Vieiras, the Galician way

Vieiras, the Galician way

Vieiras, the Galician way | 

There are 2 things that immediately make you think of the Camino when you see them: flechas amarillas (yellow arrows) and conchas de vieira (scallop shells). They are the most recognisable symbols of the Camino and the ones you start noticing everywhere once you decide to do a Camino. 


Yellow arrows on the Camino are a recent development (keep reading to learn more about them). But scallop shells have always been a symbol of the Camino. They say that pilgrims who reached Santiago were given one as proof that they had completed their pilgrimage and also to differentiate those on their way to Santiago from those on their way back home (remember, back in the day pilgrims had to walk from home and back).


The use of the scallop shell as a symbol of the Camino is documented since the beginnings of the pilgrimage to Santiago and there are several theories as to why it is a scallop shell and not something else. But that’s not what we’re discussing here today.

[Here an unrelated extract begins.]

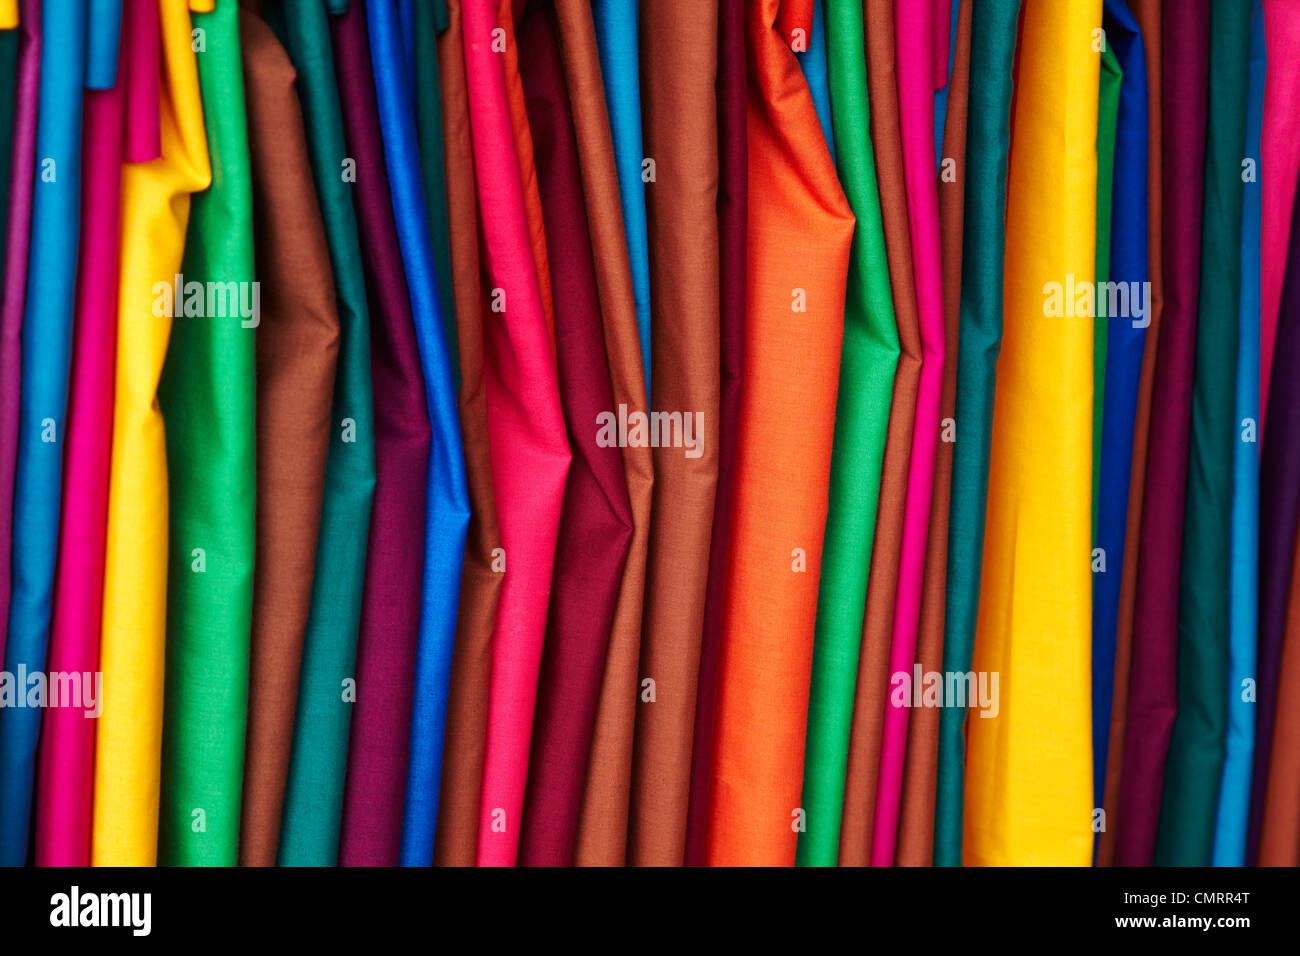 Matériau de couleur vive, à Suva, marché aux puces, Suva, Viti Levu, Fidji, Pacifique Sud Photo Stock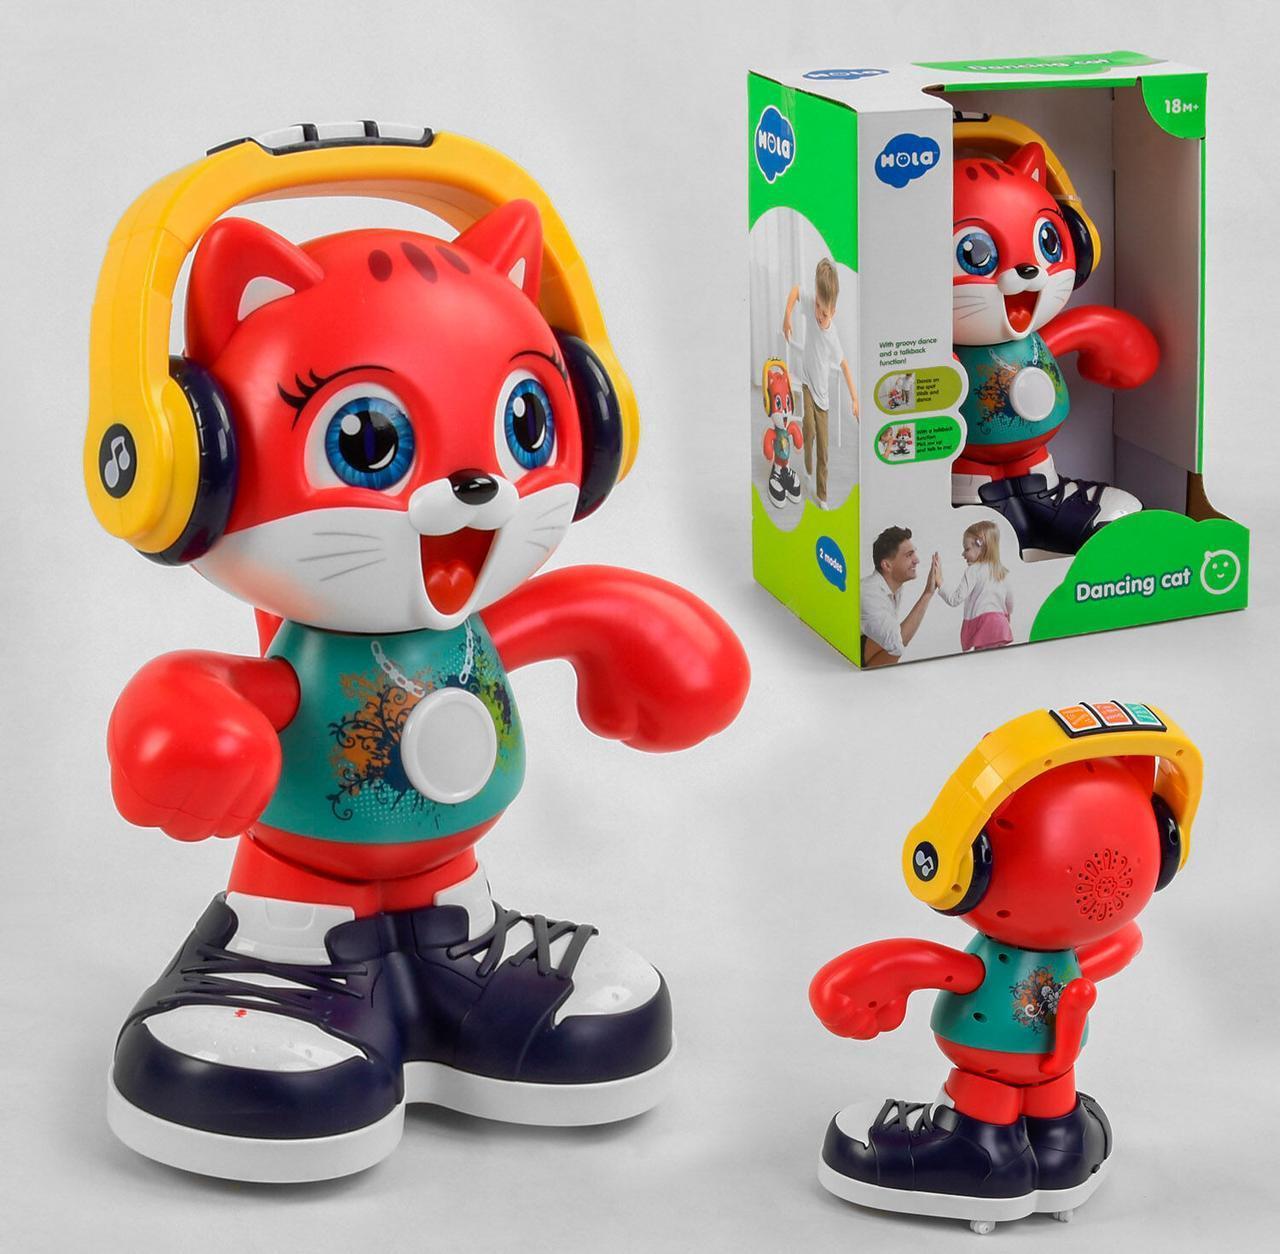 """Розвиваюча іграшка для малят """"Hola"""" E 721, Танцюючий котик, співає пісні, розмовляє англійською мовою"""

Scallops are also one of Galicia’s signature dishes. But, unlike the humble caldo gallego and pimientos de Padrón, vieiras are eaten on special occasions. And they are usually always prepared the same way, the Galician way. Let’s learn how to do it. 


How to prepare vieiras, the Galician way

Disclaimer: I’ll tell you the way we always prepare vieiras in my family. Many of the recipes I’ve found online include ham and a small amount of tomato sauce. We don’t use those 2 ingredients but feel free to add them if you wish.


So, what do you need? 

Of course, you’ll need vieiras (scallops), plus the shells to present them. We normally calculate 2 vieiras per person. 


Let’s say you’re preparing 8 scallops. You’ll also need 2 medium cebollas (onions), 200 ml vino blanco (white wine), a teaspoon of pimentón (paprika),  pan rallado (breadcrumbs), aceite (oil, preferably olive oil) and sal (salt).


And how do you prepare them?

Depending on what kind of scallops you get, you may have to do different things, like opening them or not. In any case, you need to make sure both your scallops and shells are clean.


Chop the onions finely and cook them over a medium heat in a frying pan with some olive oil.


Add the paprika and the wine and mix well. Season to taste. I like to add the scallops too and let them cook in this sauce for a couple of minutes (see picture on the left).


Organise the shells on an oven tray. Put one scallop on each shell and distribute the sauce evenly among them (see picture on the right).

Vieiras Galician way

Then, cover the scallops with some breadcrumbs and put them in a hot oven until they look golden.

And you have your vieiras, the Galician way, ready to eat! Easy, right? Yet still delicious.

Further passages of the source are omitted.